Deterioration of the ecological quality within the Markermeer, due to the elimination of natural flushing and a resulting increase in turbidity, has created a need to revitalize the region for the benefit of the local wildlife. One major way in which this is being achieved is through the Marker Wadden, designed as a wetland area featuring a combination of islands, marsh-pond areas, mud flats, and sheltered shores which will serve as bird and wildlife spawning area. One of the primary innovations within the Marker Wadden project is the utilization of locally dredged material to form many of the wetland areas. This dredged material −often referred to as mud− is characterized as a soft, cohesive, fine-grained soil material with a mixed sediment composition of clay, silt, fine sand, organic material, water, and often gas (Winterwerp and van Kesteren, 2004). This material has a lot of inherent uncertainties in regards to its behavior and use in construction, stemming from its general non-homogeneity and less predictable/studied behavior.

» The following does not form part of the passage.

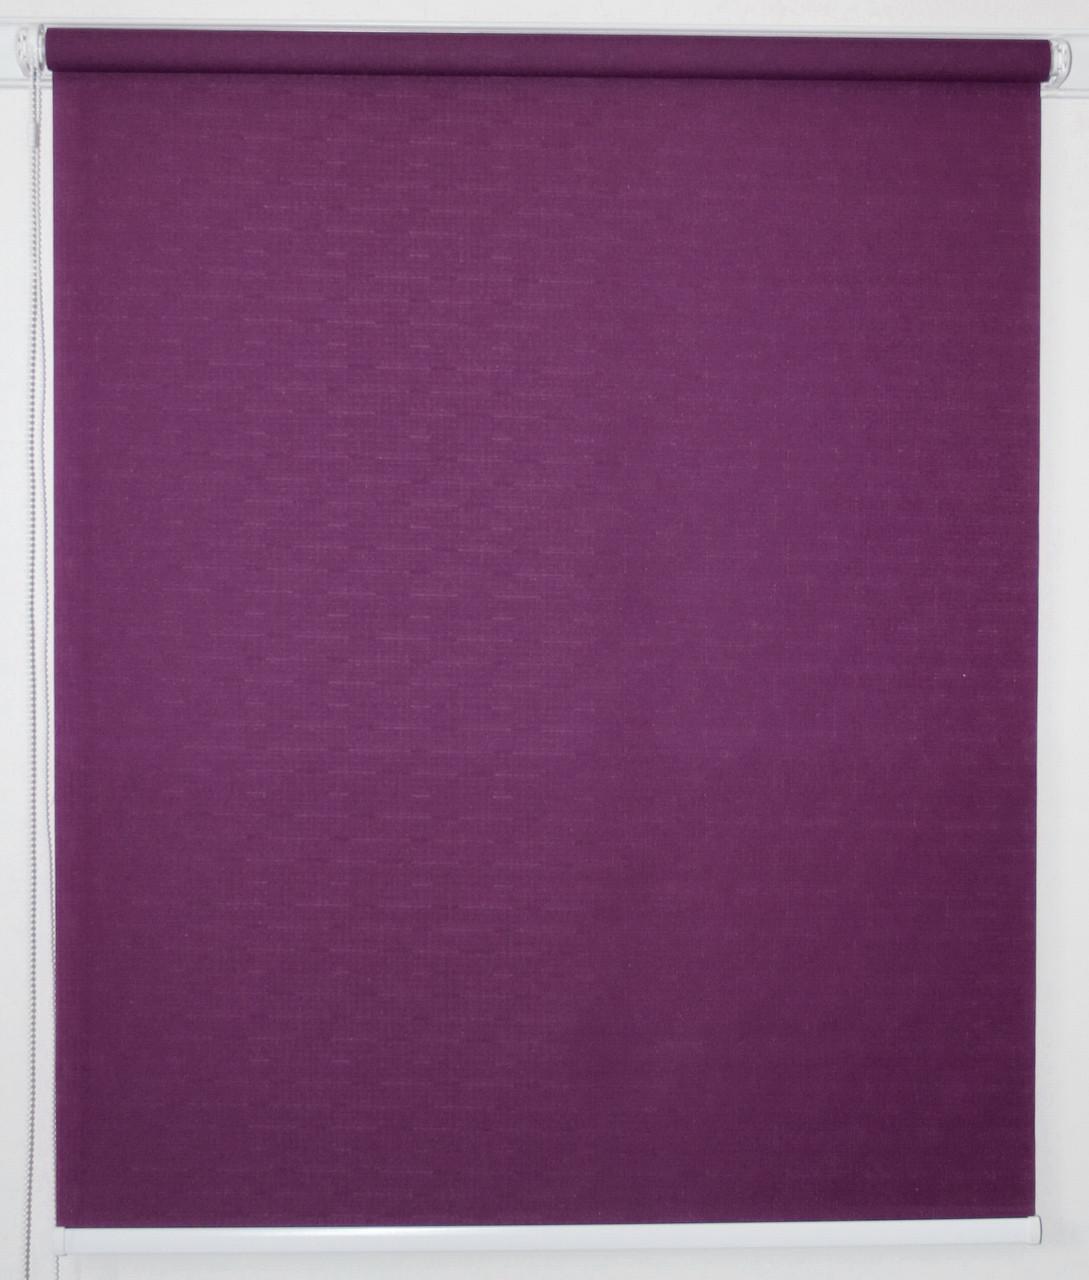 Рулонная штора 650*1500 Лён 613 Фиолетовый

When considering the use of this material to construct areas with specifically designated elevation and strength ranges, the additional strength and settlement effects due to desiccation and crust formation once the material surface has been exposed to atmospheric conditions must be carefully considered. The assessment of this process includes the outlining of a conceptual model emphasizing two distinct stages of desiccation, lab testing to define material behavior during this phase, large-scale testing, and finally an evaluation of an existing numerical model for this process. The conceptual model was then compared and validated in part through both physical, in-situ measurements from a large-scale test setup, as well as to a numerical model developed at Delft University of Technology and further adapted for this process. In addition, the numerical model was utilized as a prediction tool for the Marker Wadden, under various atmospheric conditions and surface water conditions. These effects were evaluated in terms of water content, void ratio, settlement, and strength.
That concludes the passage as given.